But what is his character's connection to Carla Connor????

Source Digital Spy Forums

----------


## Perdita

I think he looks a bit more tidy these day than he did in his Emmerdale days, I thought he was horrible looking. I hope he does not play the same thug in Corrie as he did in Emmerdale, otherwise we are having another Clare as in Hollyoaks/EE.  :Angry:

----------


## Katy

he has done The Royal in between i think or is doing the Royal (not too sure as i dont watch it) where he played a nice guy. I think he is actually a Mancunian.

----------


## Abbie

It will be werid to watch him in corrie,  :Ponder:  Carla Connor?

----------


## Chris_2k11

Im sure i remember reading this a while ago

----------


## Katy

i was thinking this as well it was around the time his wife got the part in the show and it was rubbish. We never knoe though that was nearly a year ago. 

and i was right juts wikipedia his name and he is a Mancunaian hes from Oldham and is currently a DJ on Revolution Local radio. Could be rubbish but you never know.

----------


## Bryan

maybe he's Carla's brother whos been in prison for armed robbery? maybe he can reveal some of Carla's past secrets

----------


## Perdita

> maybe he's Carla's brother whos been in prison for armed robbery? maybe he can reveal some of Carla's past secrets


I hope not, not another one with a dodgy past  :Thumbsdown:

----------


## Bryan

> Originally Posted by bondboffin
> 
> 
> maybe he's Carla's brother whos been in prison for armed robbery? maybe he can reveal some of Carla's past secrets
> 
> 
> I hope not, not another one with a dodgy past


well from what i gather she had a rags to riches story, coming from a council estate and landing on her feet when she meet Paul. would be interesting to see why Carla is so cold and defensive, what makes her etc, and who the REAL Carla is. 

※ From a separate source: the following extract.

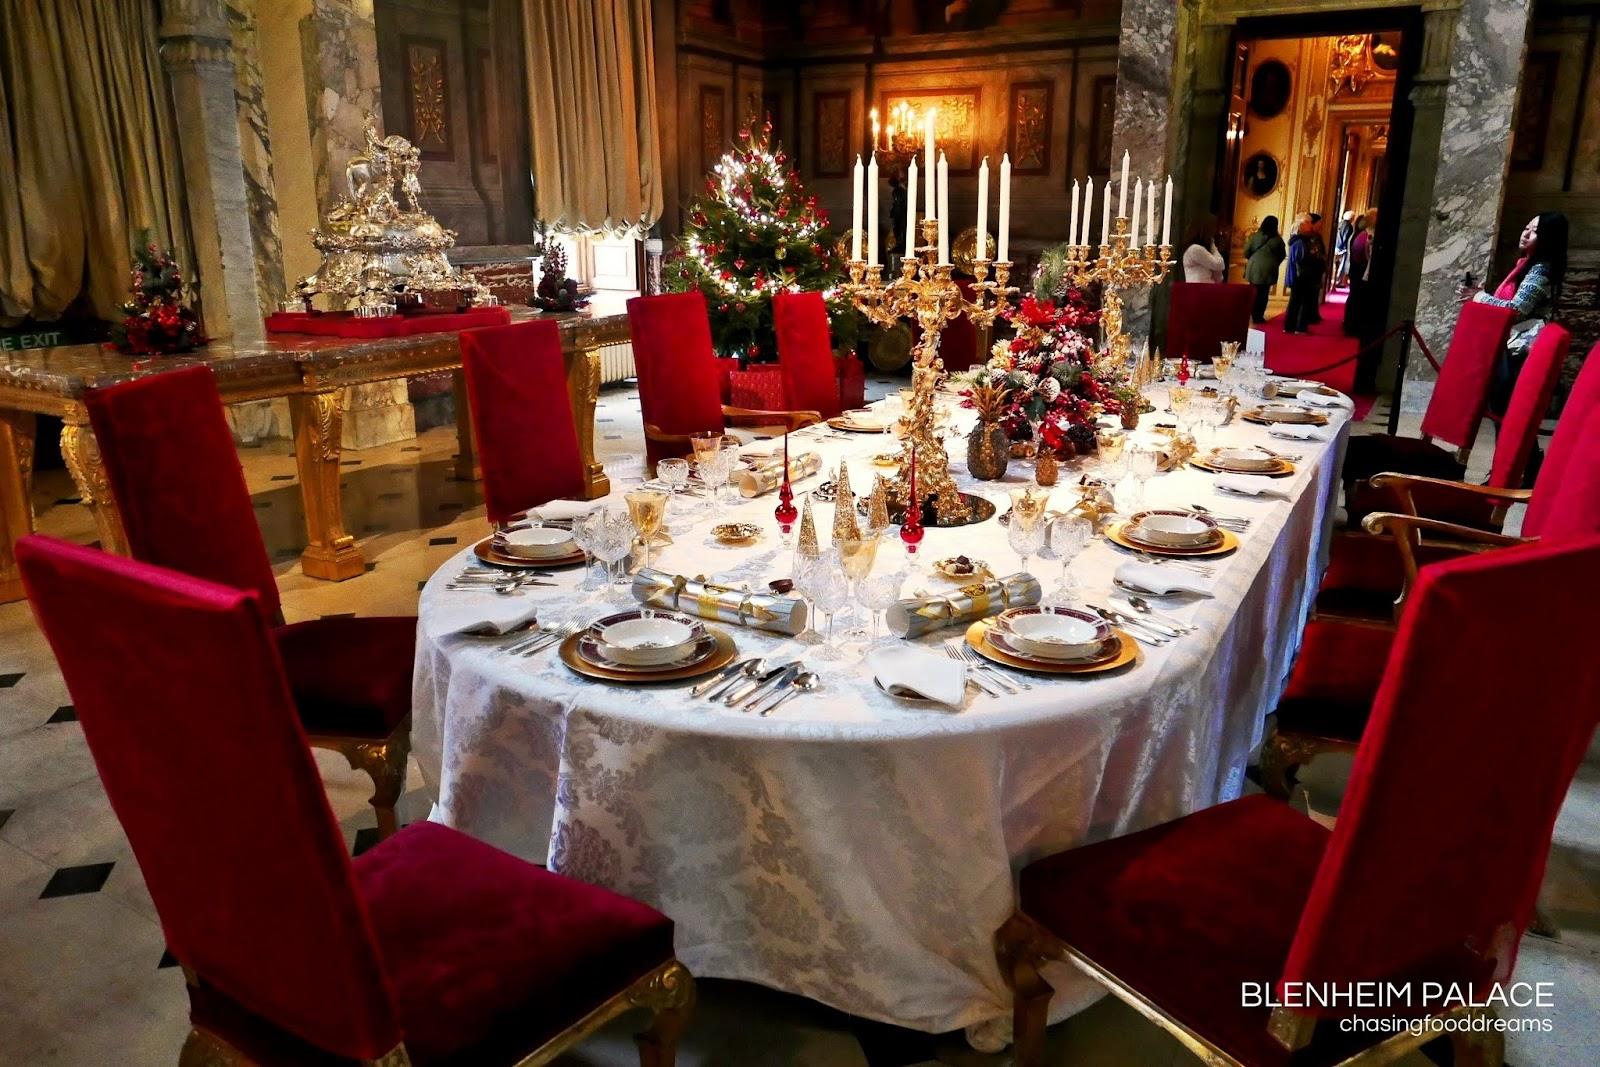 Blenheim Palace Food Festival

this is how they're going to have to take the character, becuase once Liam is gone she'll need more of a reason to stay on the street

----------


## tammyy2j

> Carla's an absolutely fantastic character. Will we learn anything more about her background? Maybe her brother will emerge from prison?
> "We may get a glimpse into Carla's background and the possibility of her brother popping up some time is always there. But her present is set to prove just as interesting as her past. Her desire for Liam and life with Tony has set her on a dangerous course and she'll have to be at her best to avoid a collision. But Carla's sharp and more than capable of sidestepping trouble should she need to. But as always with Carla - if a few people get hurt en route... then so be it.


Maybe he is the brother

----------


## tammyy2j

News reports suggesting that former Emmerdale actor Jeff Hordley has landed a role in Coronation Street are NOT true.

----------